By the end of the 19th century, maps of the period did not show any roads passing through Santa Clara, even though the village had three stations for changing horses or stopping the night. In 1822, the construction or expansion of the bridge occurred, under the direction of Francisco Lopes do Rosário, and located in relation to an ancient Roman road that connected Beja to the Algarve. Remnants of the former crossing over the River Mira have been lost.

By 1849, the municipal council of Odemira referred to the need to reconstruct the "old bridge" in Santa Clara and the advantage of constructing the new structure at the edge of the village.

At the end of the 19th century, the master of public works wrote an inspection report referring to the old masonry bridge over the River Mira along the road between Alentejo and Algarve, a distance of 1 km from the village of Santa Clara. In his report, the inspector found the bridge in a terrible state of conservation, with many great fractures along the central vaults, causing depression in the pavement, where water coalesced and accumulated, draining along the cracks...where vehicles pass. The author lamented the state of such an important construction and recommended urgent repair.
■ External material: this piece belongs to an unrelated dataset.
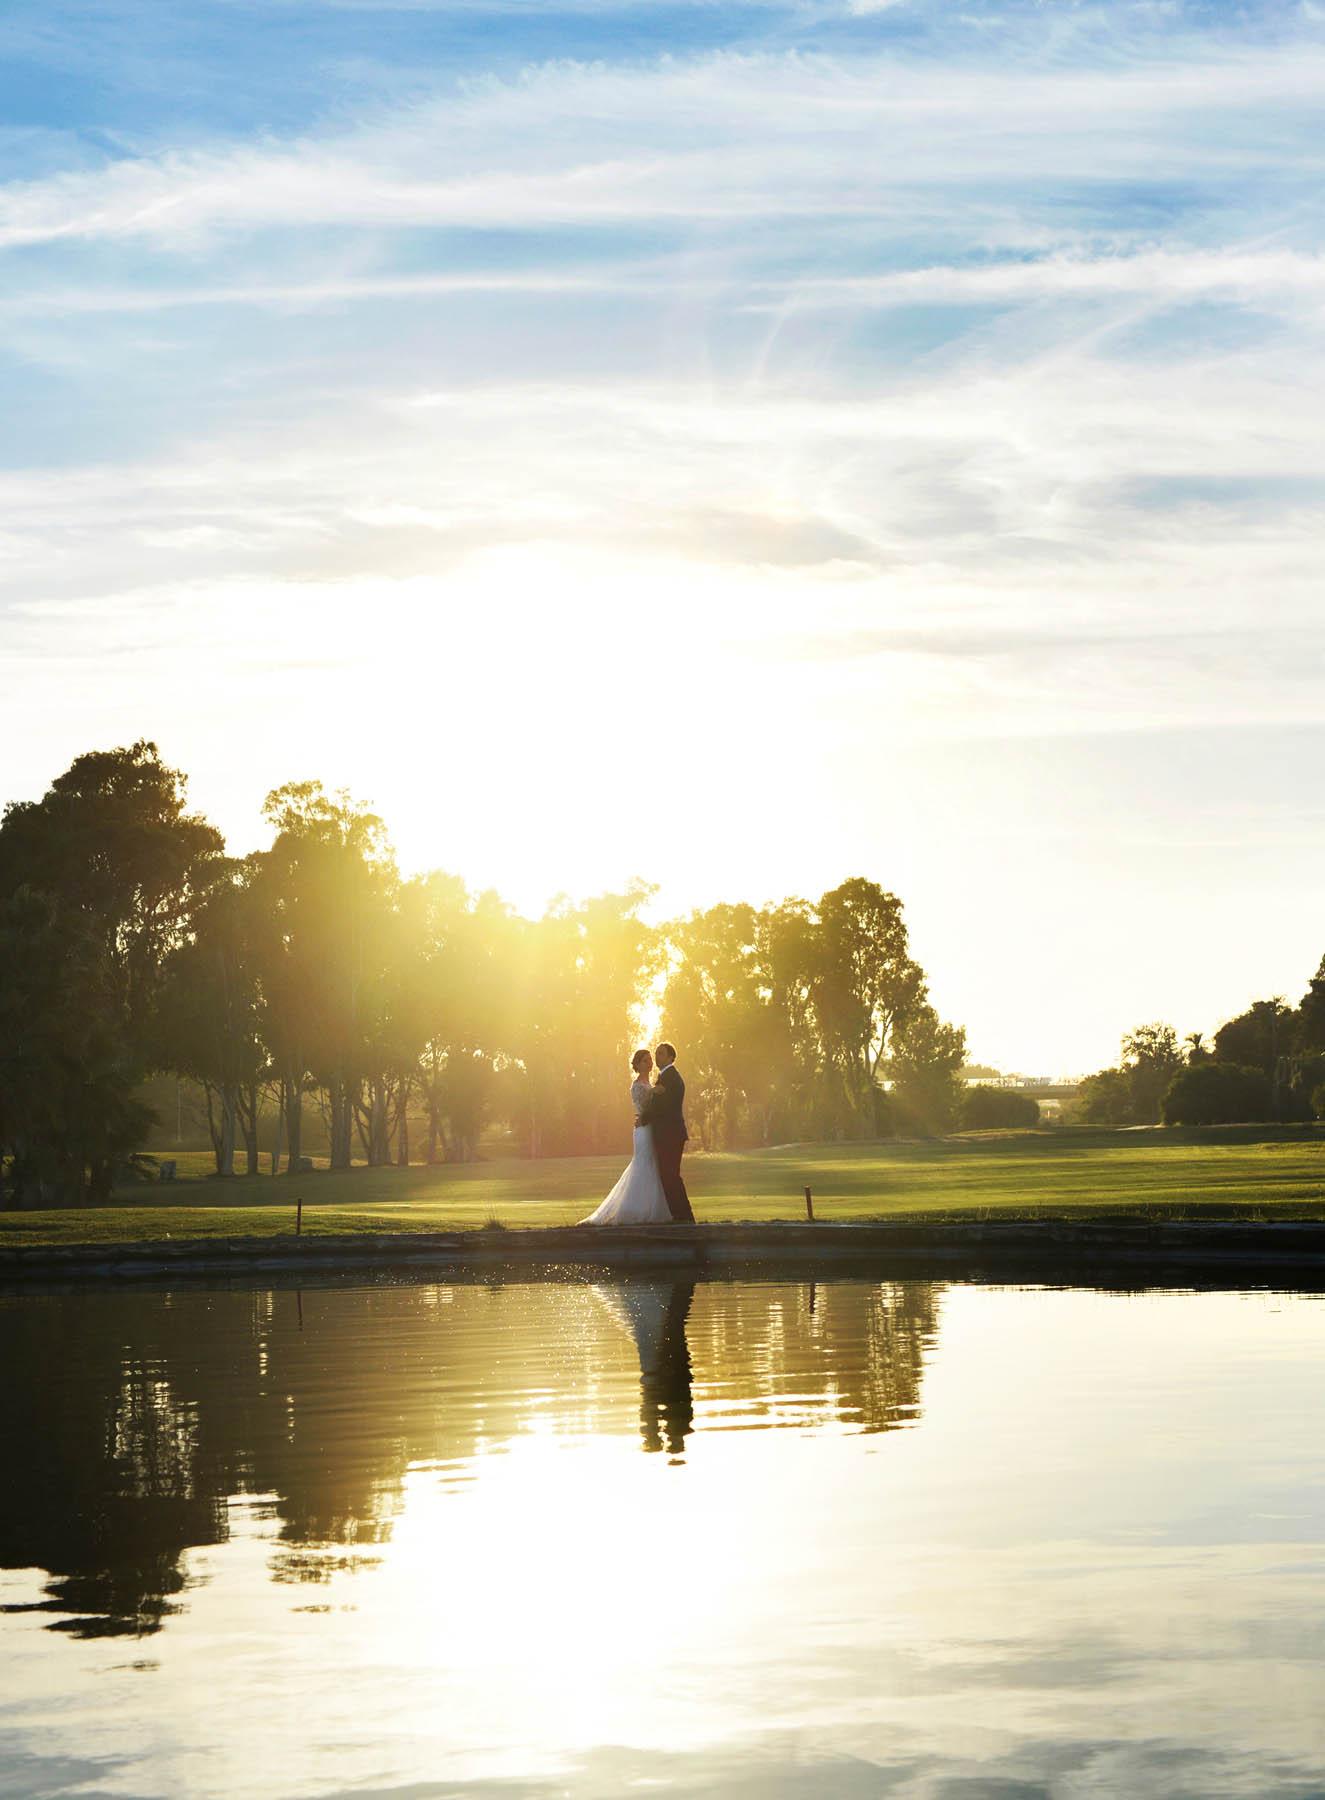 weddings parador golf malaga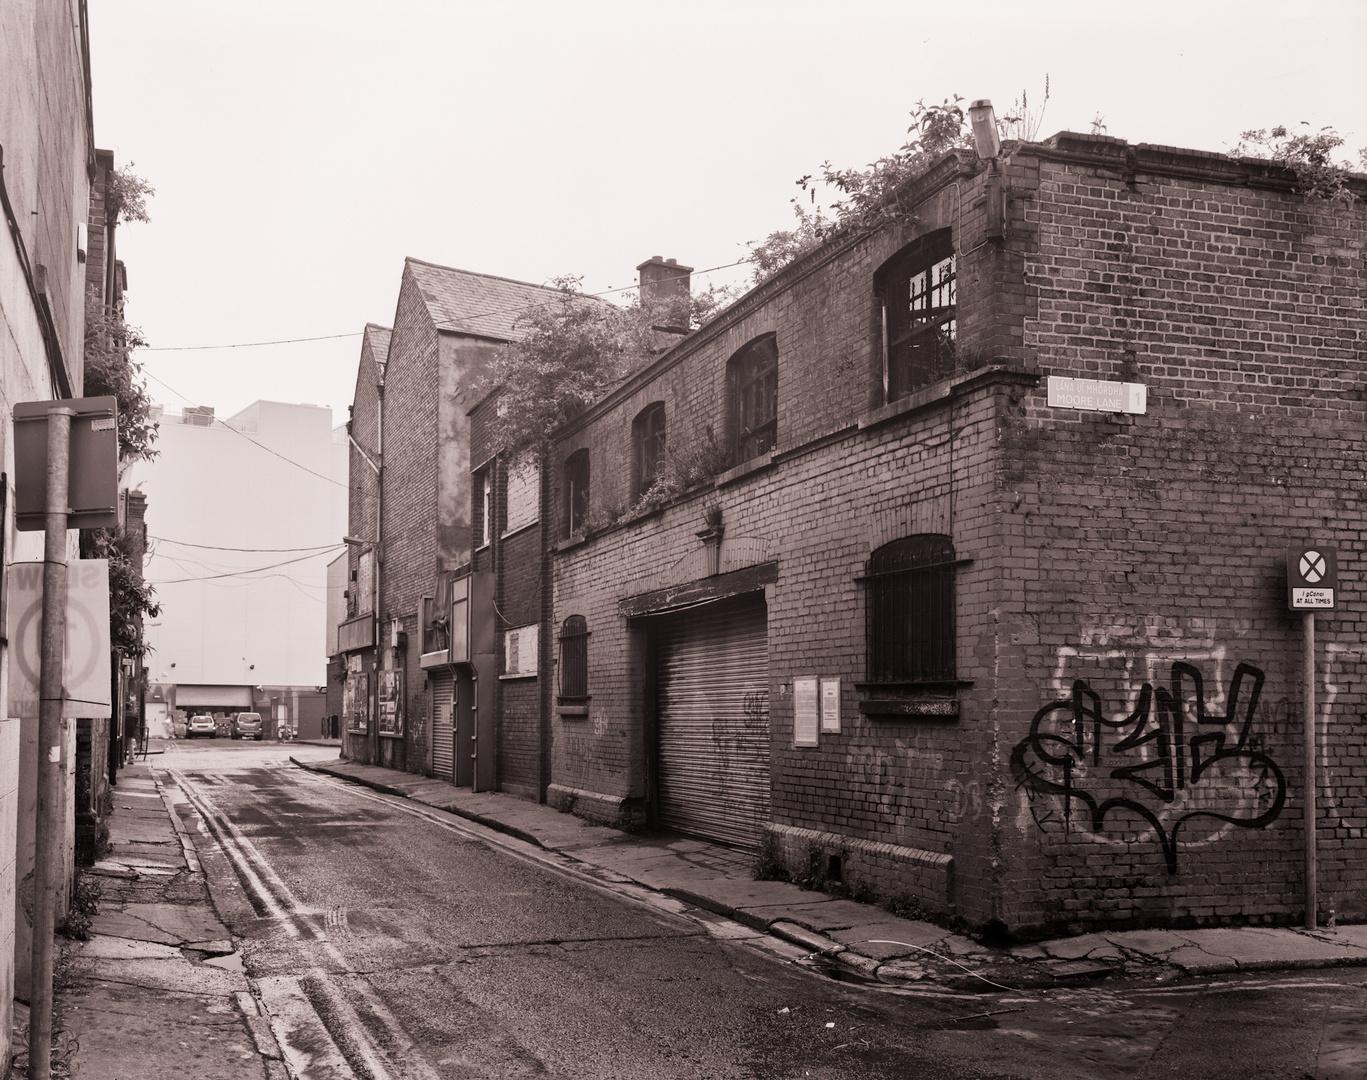 moore_street_films-6.jpg

By the middle of the 20th century, there was a partial landslide. On 25 February 1992, by dispatch of the IPPC, the bridge was classified as Property of Public Interest, and by 31 October 1996, similarly by the IPPAR. On 25 August 2000, it was included in the Odemira PDM (resolution 114/2000, DR 196).

==Architecture==
The bridge is located in an isolated, rural position at the end of a valley, crossed by the River Mira, whose margins are densely populated by forest and water lilies. It is an area of great natural landscape, situated near the Pousada de Santa Clara, Santa Clara dam and the community cemetery.

The structure consists of stone and limestone masonry, plastered and whitewashed, with arched frames and breakwaters coated stone. The bridge, now ruined, still includes two arches with archivolts and masonry.